What is often overlooked in regard to the Easter Rising is the extent of personal interconnections between participants. Denis McCullough, President of the Supreme Council of the IRB in 1916, had led the Belfast volunteers to Coalisland at the start of the Rising, from where they were supposed to proceed to Connacht. There they would have been under the command of Wexford man, Liam Mellows.

McCullough is an interesting character for a number of reasons, not least of which that he shot himself in the hand at Coalisland and had to be patched up by Nora Connolly. Although he went along with it (he personally funded the Belfast volunteers travelling to Coalisland), McCullough had been kept in the dark about the planning and actually opposed the Rising. He told Tom Clarke that, if they survived he would have it out with Clarke afterwards. McCullough was never prominent after the Rising, which makes me wonder if some suspected his hand wound was deliberately self-inflicted.  At the time, McCullough was in a relationship with Agnes Ryan, from Wexford, who left Belfast to be in Wexford for the Rising (they were later to marry). Her sister, Mary (known as Min) had been a founding member of Cumann na mBan along with Sarah Jordan, Liam Mellows mother. Min Ryan was close enough to Sean MacDiarmada that it was expected they would marry (had he survived the Rising – instead she was later to marry Richard Mulcahy). MacDiarmada himself had spent considerable time living in Belfast.
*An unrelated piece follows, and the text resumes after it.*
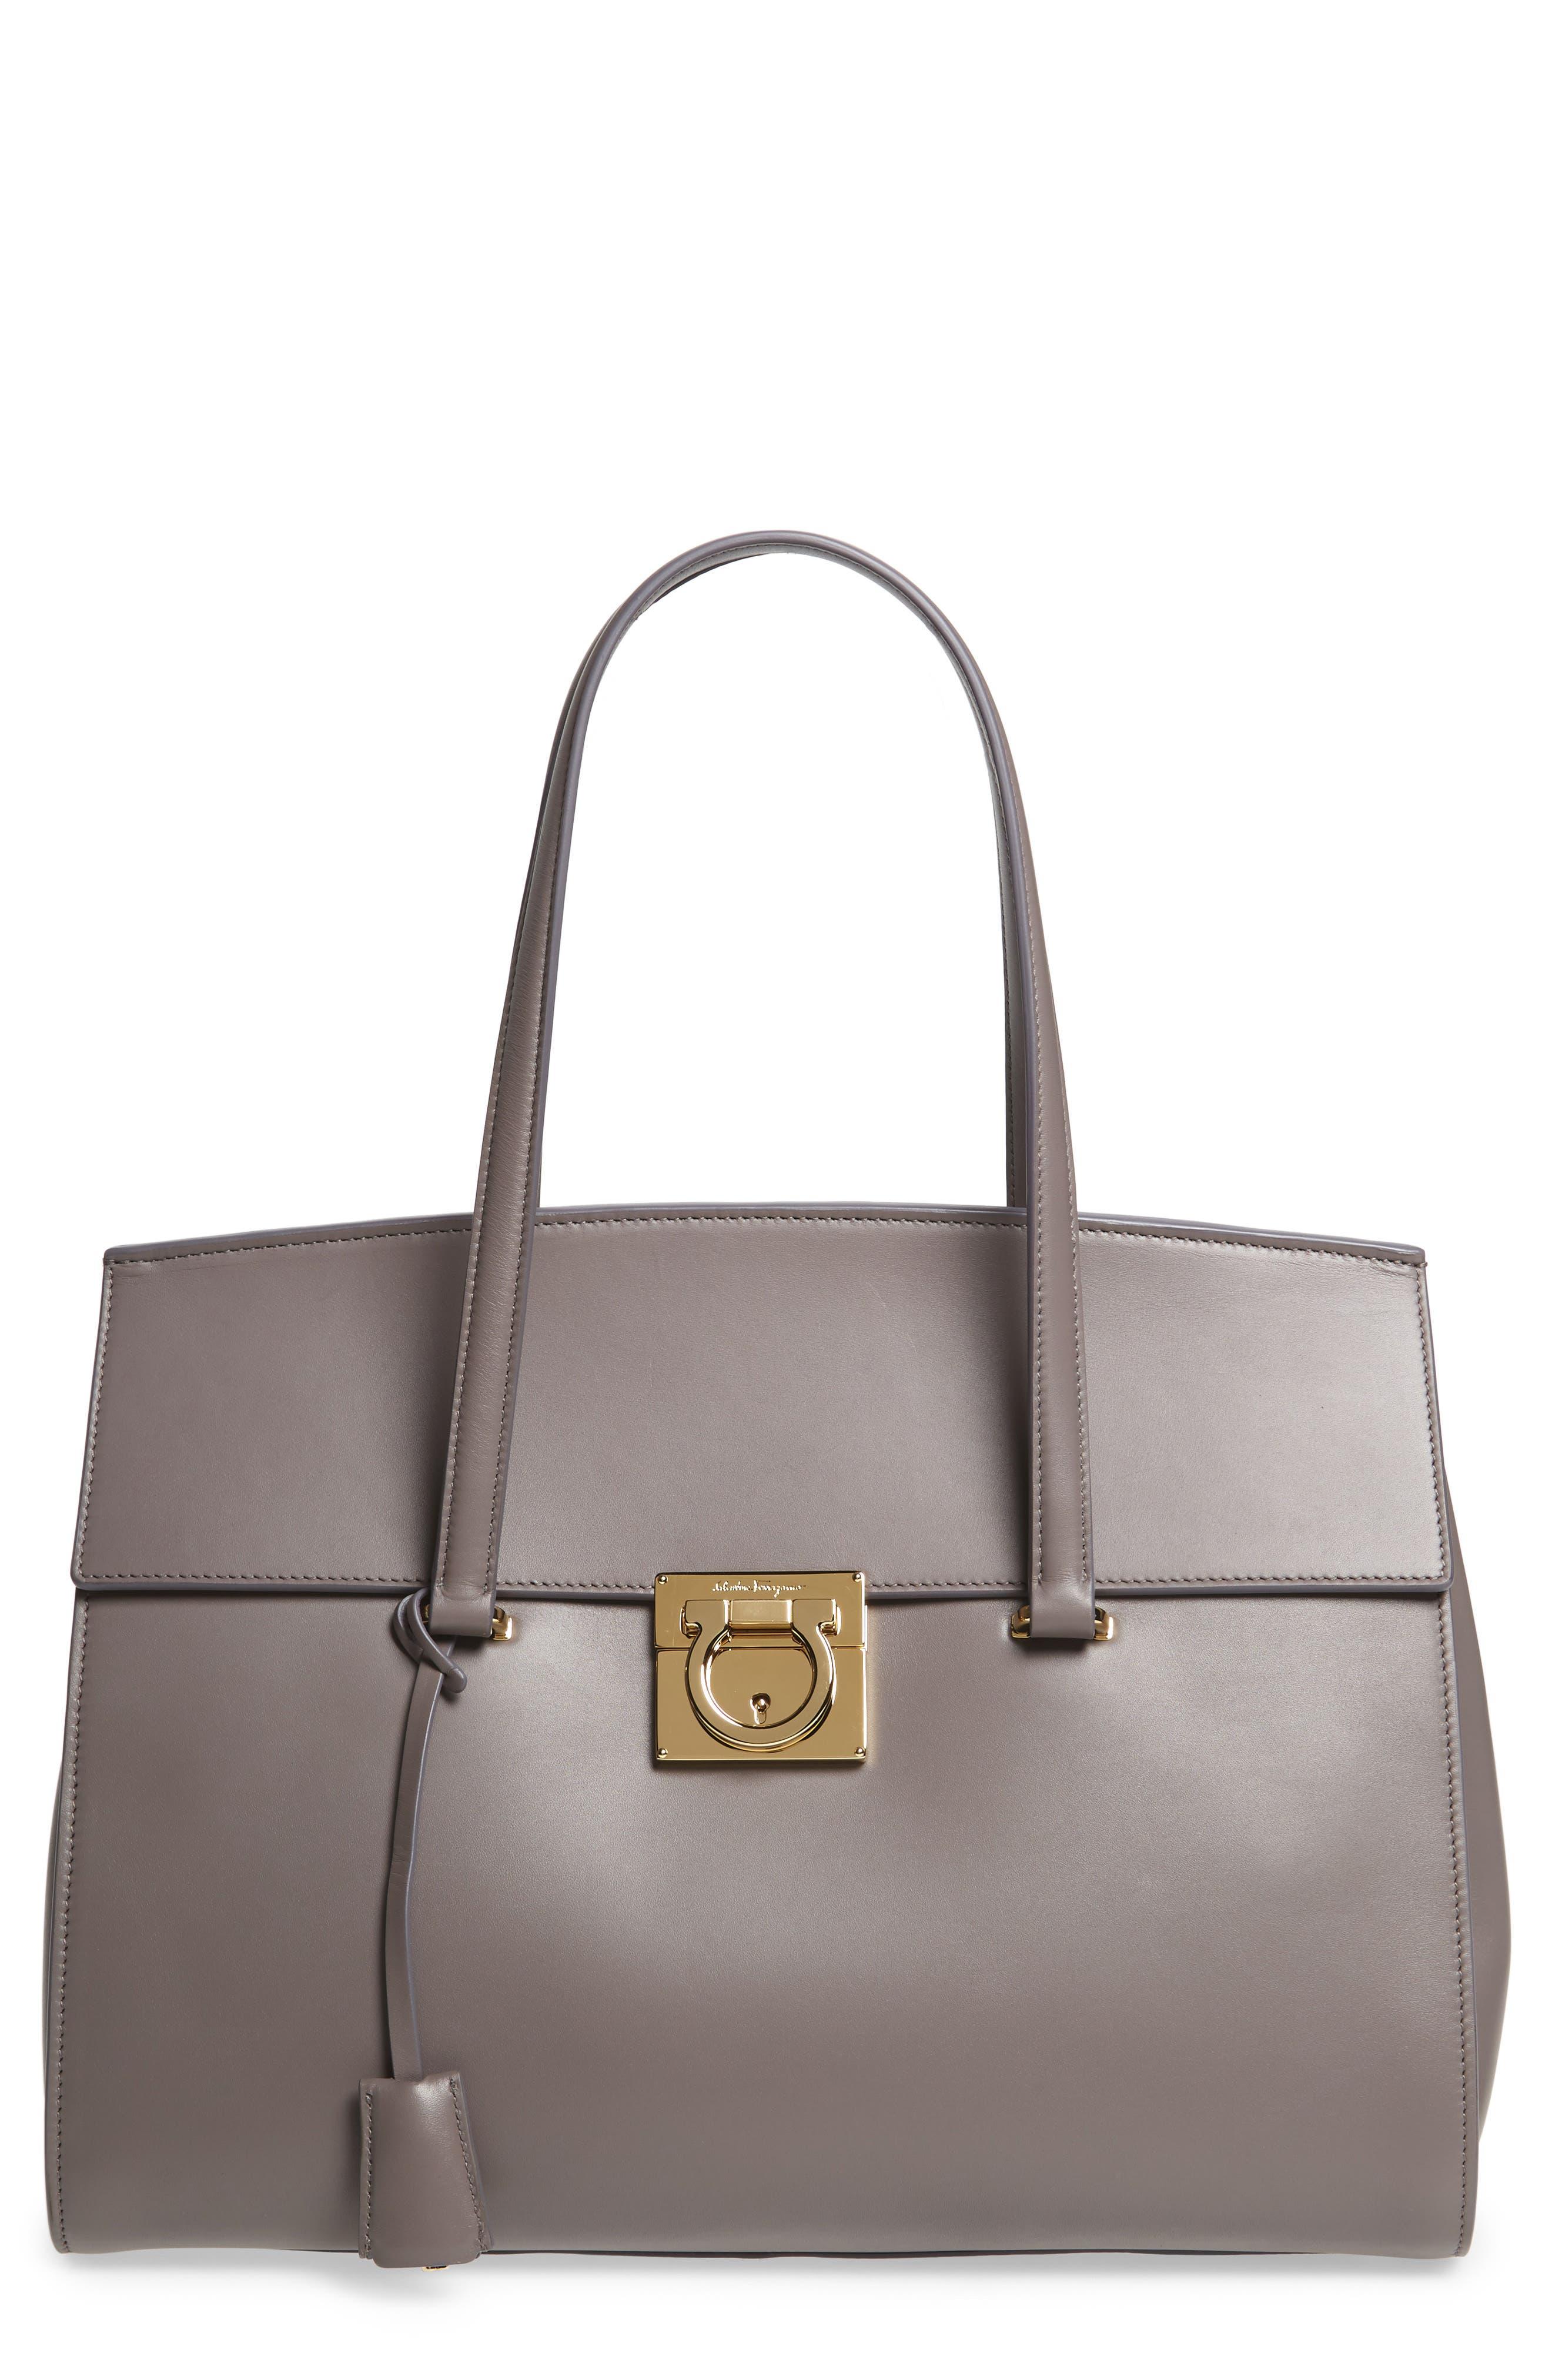 Salvatore Ferragamo Large Smooth Leather Tote

Min Ryan had also been directed to bring Eoin McNeill’s countermanding order to Wexford to stop the Rising taking place. McNeill, like his classmate Major John McBride, was a past pupil of Saint Malachy’s College Belfast. McBride’s son, Sean, later to be briefly IRA Chief of Staff, was sent to school at Mount St Benedict, near Gorey in Wexford, where Agnes Ryan headed at the start of the Rising. The school’s matron, Aileen Keogh, headed in the opposite direction, leaving Wexford to join the Dublin garrison for the Rising.

While the executions were taking place after the Rising, the Sunday Independent reported how John Redmond and Edward Carson had both pledged their ‘volunteers’ to suppress the Rising. With regard to Wexford, the British royal commission of inquiry into the Rising was told that 200 Redmondites turned out in Wexford to assist the RIC (Enniscorthy and surrounding areas being under control of republican forces and had held out longer than Dublin). The Hibernians, the inquiry was told, had also assisted the RIC.

After the Rising, one Wexford Alderman supported a motion condemning the Rising, saying “…heretofore we were led to believe that Sinn Féin meant ourselves alone but now we know it stands for anarchy of the worst type. Ireland was now disgraced in the eyes of the world just at a moment when all classes in the country were reconciled and confident in prosperity“. If you saw the exact same words from a Fine Gael, Fianna Fáil or Labour TD during the last few years, you wouldn’t have batted an eyelid..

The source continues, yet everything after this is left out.